Dear R-helpers,

I compared various programs for cubic spline smoothing, and it appeared 
that smooth.spline ( stats version 3.0.1) seems to behave surprisingly. 
For enough long series and low values of lambda (or spar), the results 
of smooth.spline seem to be different from those of sreg ( package 
fields version 6.8), Octave (=MATLAB) or SAS. These three last softwares 
always gave the same results.

Here is a script which shows the problem:

#generate a random series of 2000 values

set.seed(1)
MyData=data.frame(Time=1:2000,Val=runif(1000))

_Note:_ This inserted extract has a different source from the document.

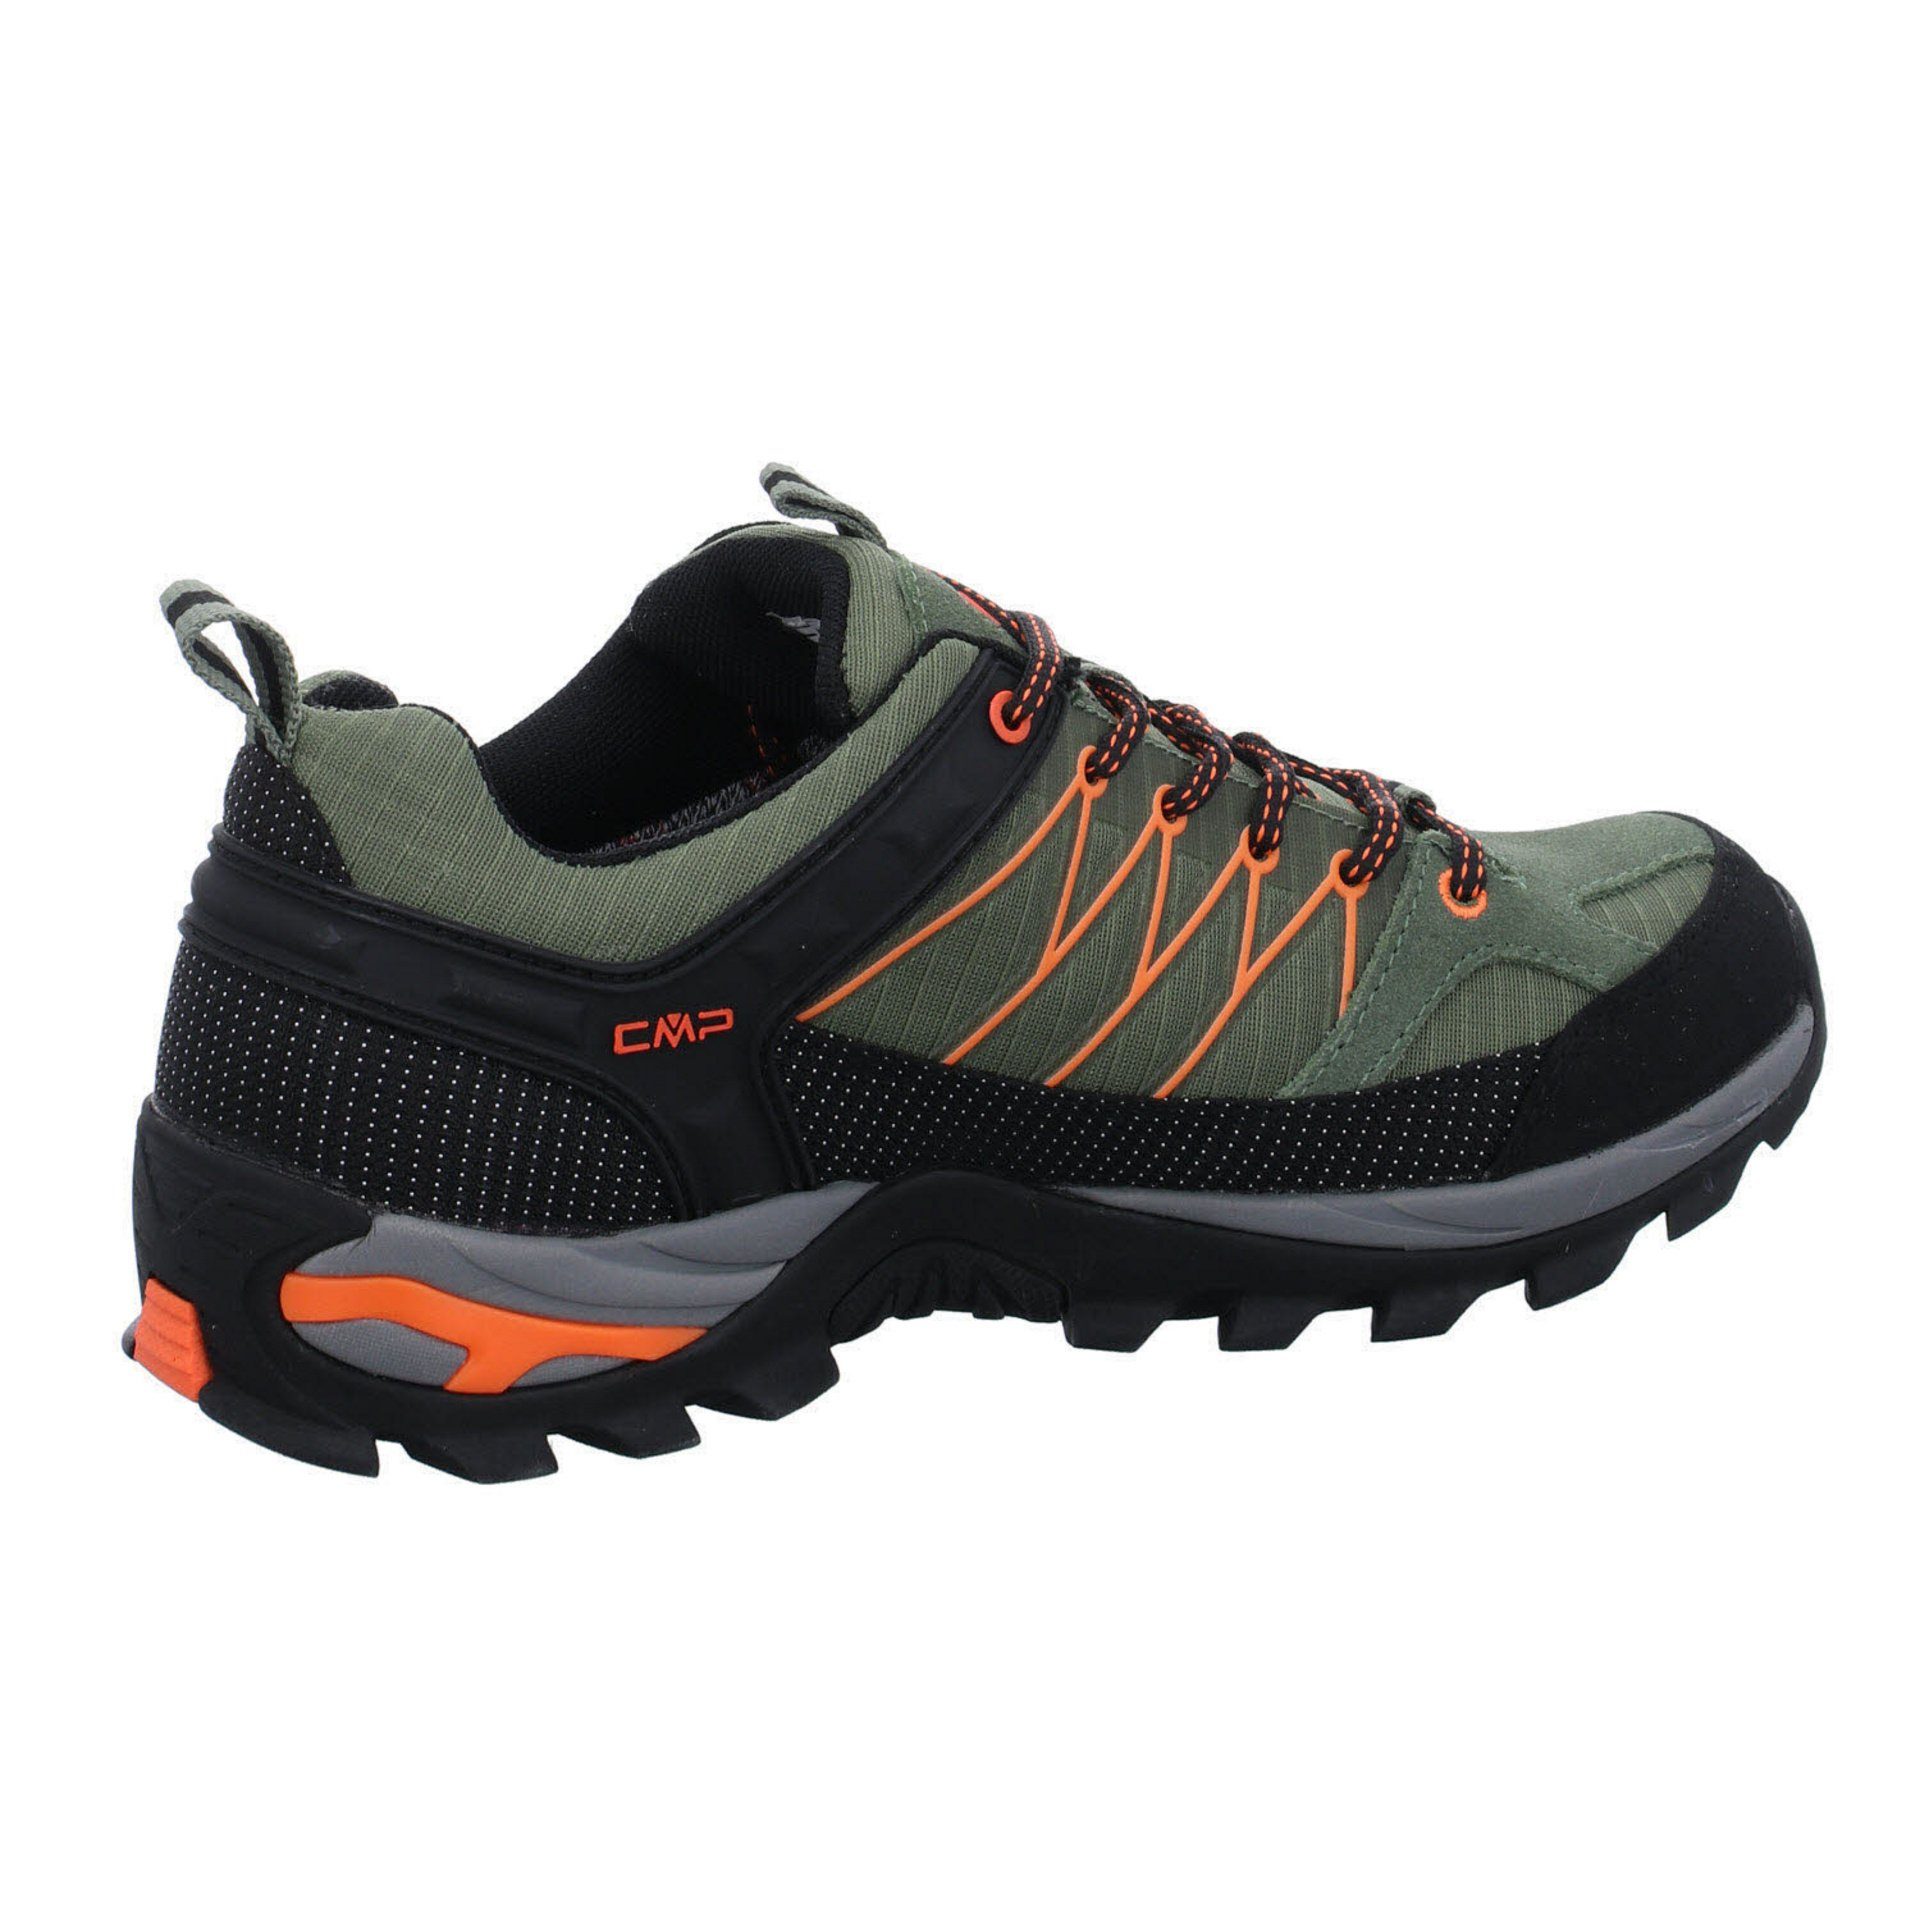 Outdoorschuh Herren (03201907) Outdoor Outdoorschuh TORBA-FLASH Schuhe Low Rigel CMP Leder-/Textilkombination
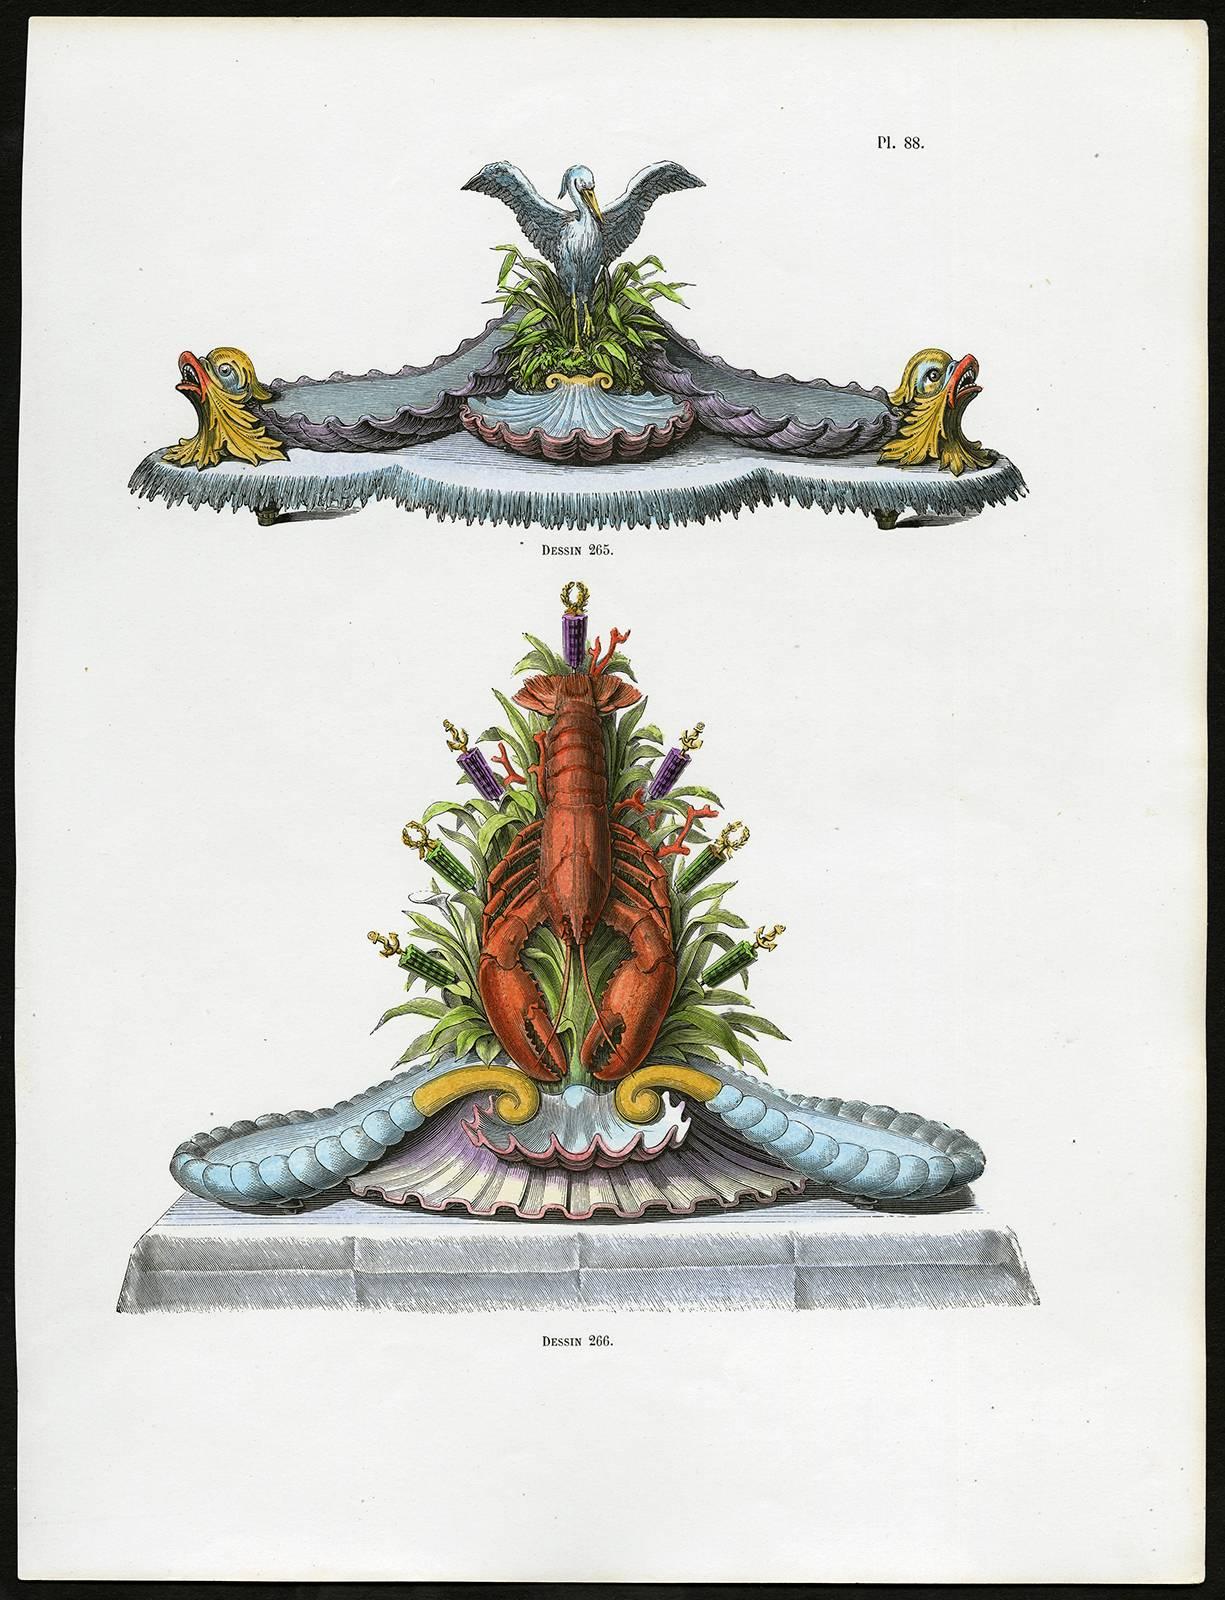 Urbain Dubois Print - Untitled - Plate 88, Dessins 265-266: 265 - Luxury table decoration.

#calculate the sreg cubic smoothing spline with a given lambda parameter 
(0.006 here)

library(fields)

SplineFields=sreg(MyData$Time,MyData$Val,lambda=0.006)

#keep the minimim fitted value (or any other from a long list of 
possible values)

ValMin=min(SplineFields$fitted.values)
TimeValMin=which.min(SplineFields$fitted.values)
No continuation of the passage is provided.